Upstream Repository: IMPACT-CNV (companion to IMPACT-VIS) Expected Output: {sample_id}_CNV_IMPACT.txt
For reproducibility details, see the IMPACT-CNV Documentation.
2 Introduction
The IMPACT-CNV module extends the Suite for CNV Interpretation and Prioritization (SCIP) framework to enable phenotype-aware filtering and prioritization of copy number variants (CNVs). This section details the CNV preprocessing workflow, quality validation, phenotype-specific filtering, and integration with IMPACT-VIS for interactive visualization.
3 Workflow Overview
The IMPACT-CNV module implements a multi-step pipeline:
- VCF Conversion: CNV VCF → SCIP-compatible text format
- SCIP Processing: Multi-step filtration and prioritization
- Read-Depth Validation: CRAM-based verification of CNV calls
- Phenotype-Aware Ranking: Phenotype relevance weighting
- Integration with IMPACT-VIS: TXT output for interactive visualization
4 Data Preprocessing
4.1 CNV VCF to SCIP Conversion
CNV VCF files are converted to SCIP-compatible text inputs using a Python-based converter that:
- Extracts sample identifiers from VCF header
- Reformats variant coordinates (chr, start, end, CN)
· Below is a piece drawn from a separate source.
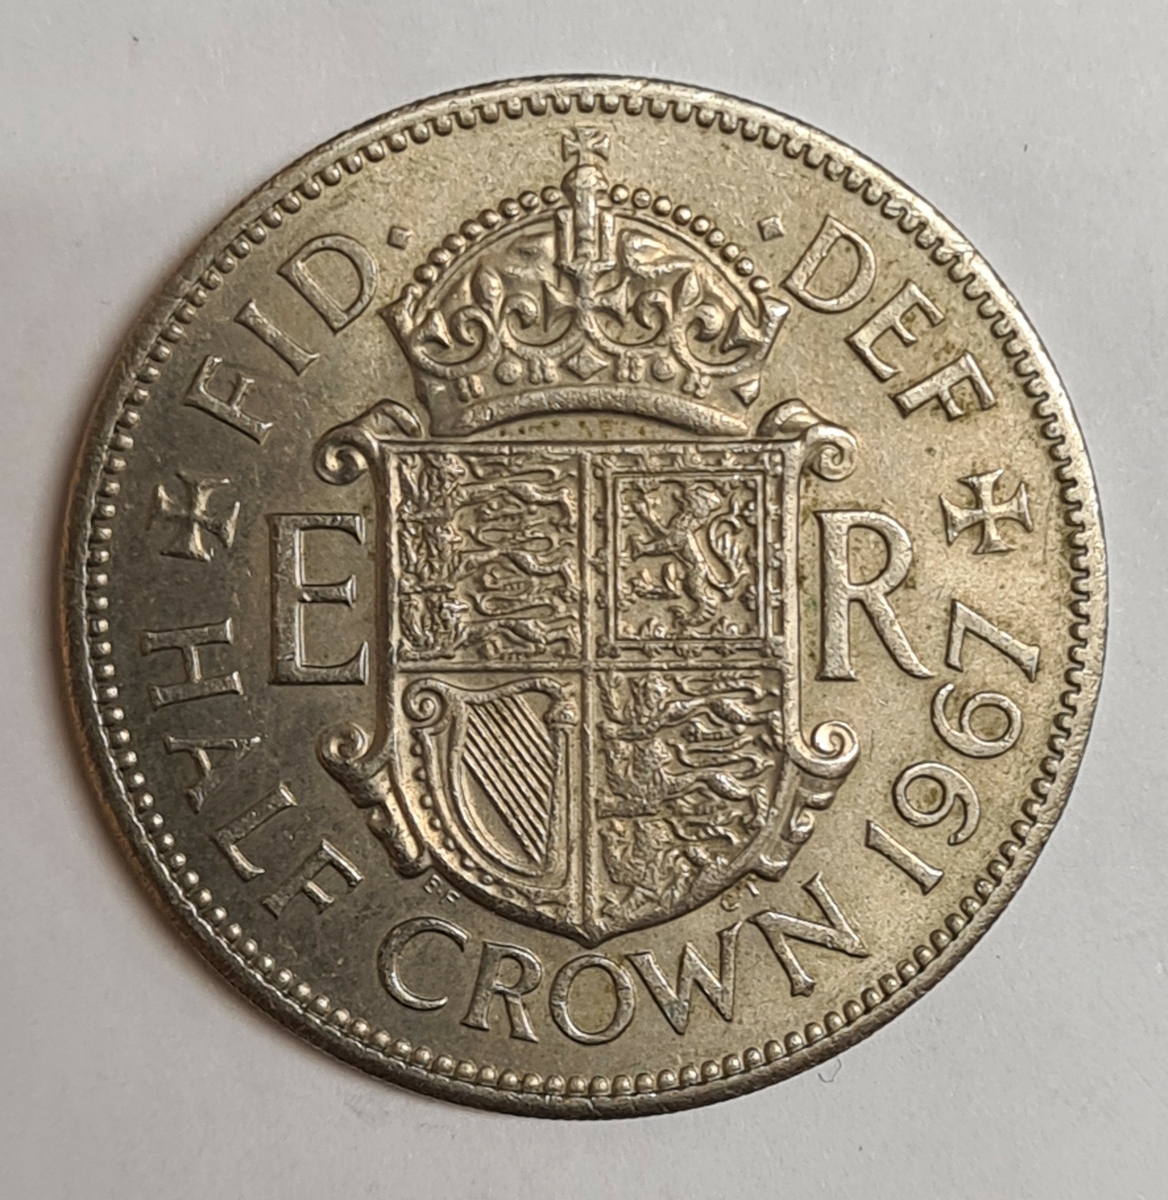 Ett mynt från Storbritanien.
One Half Crown

- Validates input format and coordinate ranges
- Generates tab-separated text file for SCIP processing
Input Format: Standard VCF with CNV calls (e.g., from DRAGEN, Canvas, Manta, LUMPY)
Output Format: SCIP-compatible TXT with columns: chromosome, start, end, copy_number
4.2 SCIP Backend Processing
The SCIP backend applies a multi-step filtration and prioritization strategy informed by:
- ClinGen dosage sensitivity maps
- OMIM disease associations
- gnomAD constraint metrics
- Internal recurrence regions
- Curated genomic annotations
5 Quality Control via Read-Depth Validation
To improve confidence in CNV calls, the pipeline performs validation using sample CRAM files and a high-quality control genome (NA12878):
Validation Steps:
Coverage Analysis: Verify expected read-depth shifts consistent with CN state
- Homozygous deletion (CN=0): ~0% coverage
- Heterozygous deletion (CN=1): ~50% coverage
- Normal (CN=2): ~100% coverage
- Duplication (CN=3): ~150% coverage
- Amplification (CN≥4): ≥200% coverage
Mapping Quality Assessment: Exclude regions with anomalous read signatures
- Low MAPQ scores indicating misalignment
- High soft-clip rates indicating sequence complexity
- Regions of significant segmental duplication
Paired-End Evidence Quantification: Assess supporting read pairs
- Concordant pairs within expected insert size
- Discordant pairs supporting breakpoints
- Split-read evidence at CNV boundaries
Control Genome Comparison: Cross-reference with NA12878 high-quality calls
- Identify artifacts common to control samples
- Flag potential false positives
CNV Flagging: CNVs lacking supporting reads or exhibiting anomalous signatures are flagged for manual review.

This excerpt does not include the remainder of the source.